Tea però sbuffò e si alzò in piedi sul letto.

«Ma cosa credi? Che lavorare nella villa del grande Comandante dei campi di sterminio di Auschwitz sia la mia più grande aspirazione nella vita?!» sbottò lei, arrabbiata.

Mark si raddrizzò, allontanandosi dal letto ma senza distogliere gli occhi da Tea.

«Beh... sei un'ebrea... quindi direi di sì» sputò fuori tagliente ma se ne pentì l'attimo dopo.

La vide diventare rossa, non di vergogna o imbarazzo ma di rabbia.

«Sono ebrea, sì! E allora? Io non sono un assassino come te!» gridò, additandolo.

Mark in due lunghi passi le si avvicinò e tirandole le gambe le fece perdere l'equilibrio e lei si ritrovò stesa sul letto con lui che la sovrastava.

«Questo assassino ti ha già salvata due volte» le disse soffiandole sulle labbra «Ricordi?».

Tea voltò il viso di lato, stringendo le mani a pugno con l'intenzione di colpirlo, ma era bloccata.

«Non starmi così vicino!» gridò ancora, scalciando.

«Perché? Sono più attraente di quella palla di lardo» le disse ridendo, facendo un cenno con la testa per indicare la stanza in cui giaceva ancora, senza sensi, quell'uomo.

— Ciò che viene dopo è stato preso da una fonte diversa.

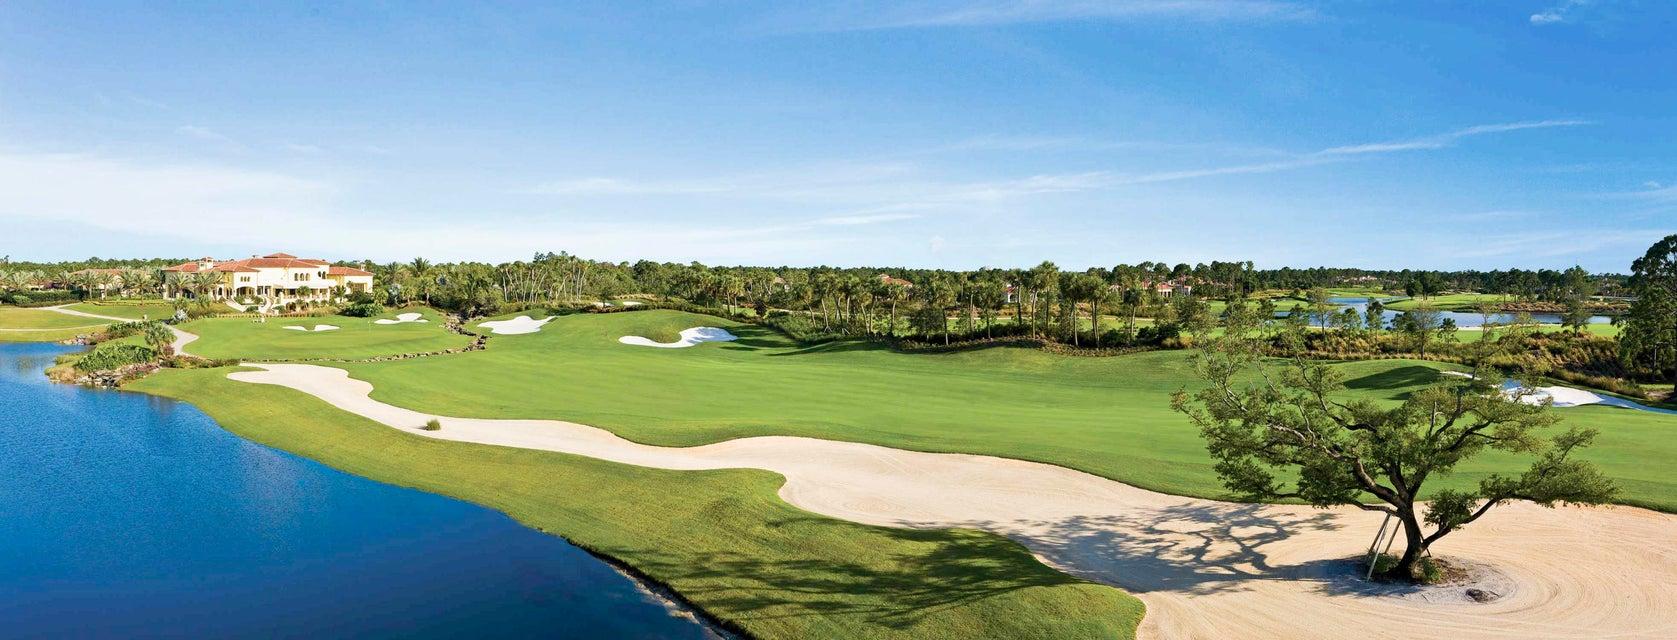 11515 Green Bayberry Drive, Palm Beach Gardens, FL, 33418 - SOLD ...
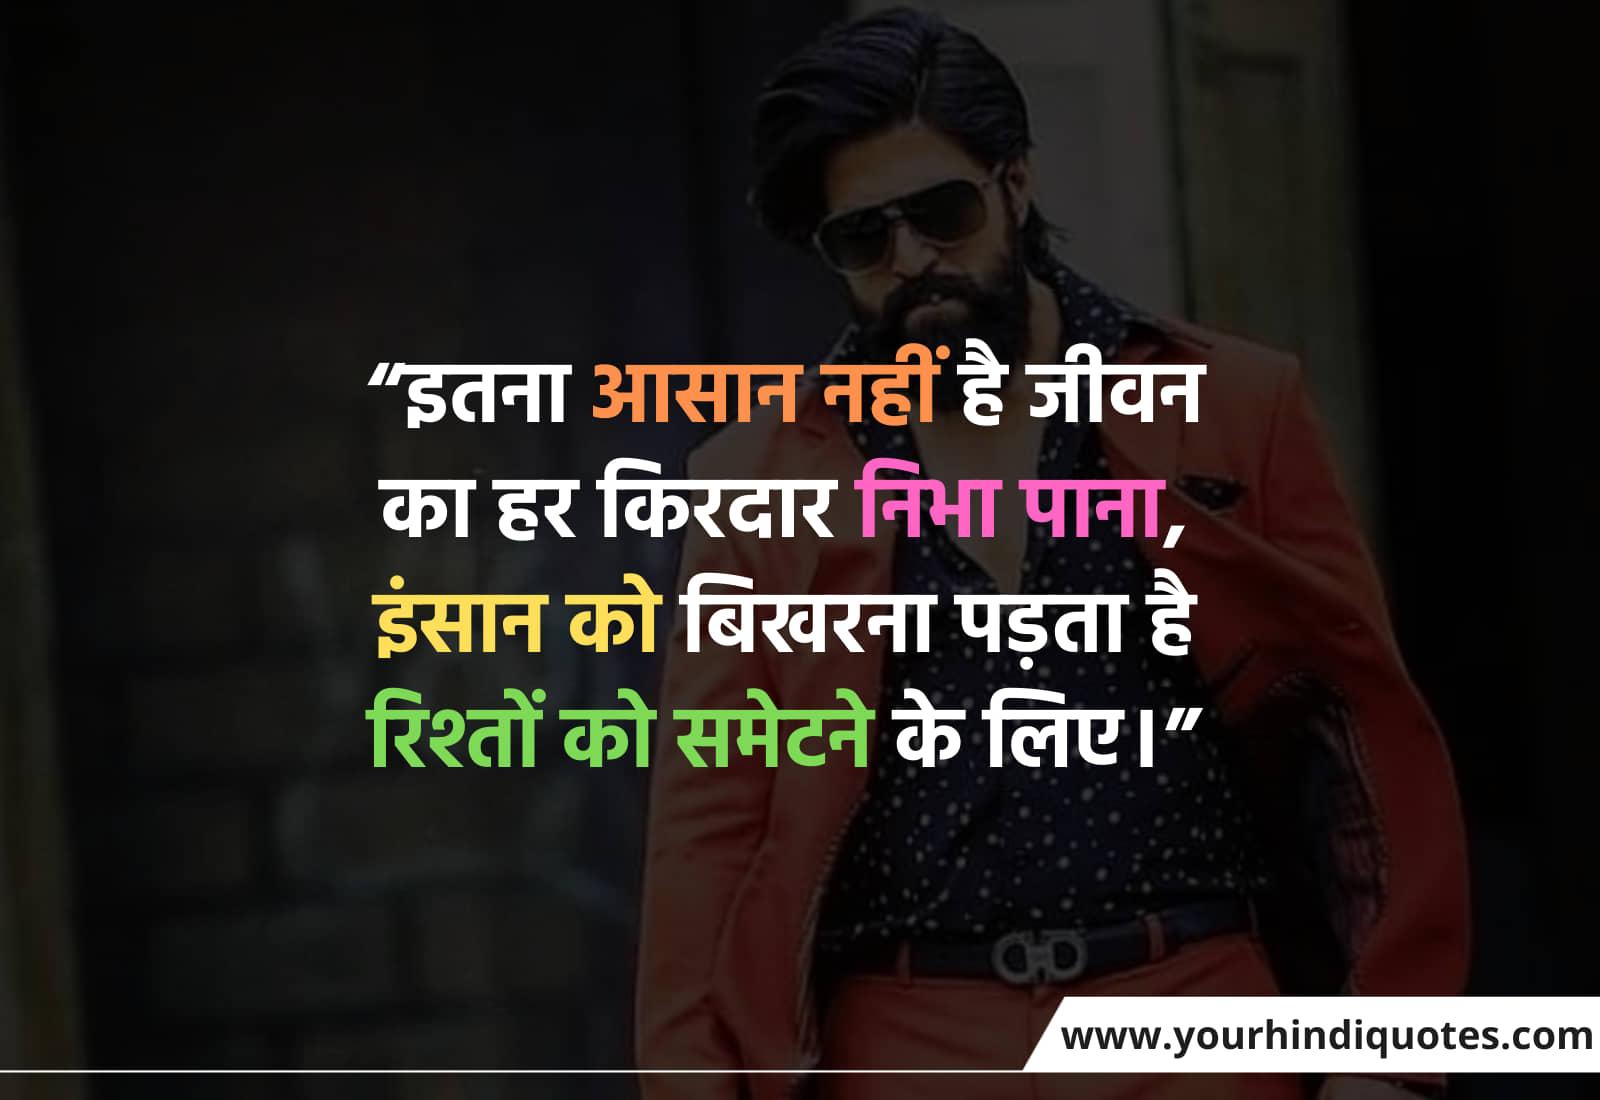 Hindi Relationship Quotes

«Sei solo un buffone» rispose lei, continuando a guardare il soffitto.

«No, sono sincero» disse Mark, allargando le sue labbra in un sorriso divertito «E guardami quando ti parlo» continuò poi, desiderando di guardarla negli occhi.

Tea però continuava a non spostare lo sguardo su di lui.

«Guardo quello che mi pare» rispose cercando di essere indifferente, ma la pressione del suo corpo su di le faceva quasi mancare il fiato.

«Guardami» il tono di Mark sembrava un ordine e, pur cercando di resistere, alla fine fece scontrare i loro occhi.

«Hanna non è niente.» le disse, avvicinandosi per baciarla ma, sul più bello, si tirò indietro lasciando una Tea interdetta. Mark si alzò da lei senza dire una parola e prima che potesse uscire le ordinò di mettersi a riposo.


«Pulisci tu casa? Sono sicura che come cameriera saresti molto brava» lo prese in giro lei, poggiando la testa sul cuscino. Lui la guardò con gli occhi stretti ma un leggero sorriso.

«Attenta a come parli, ragazzina» la minacciò scherzosamente Mark.

Era un soldato nazista e lei una prigioniera ebrea; ma in quel momento, in quella casa, si sentirono solo due semplici ragazzi che avrebbero voluto amarsi.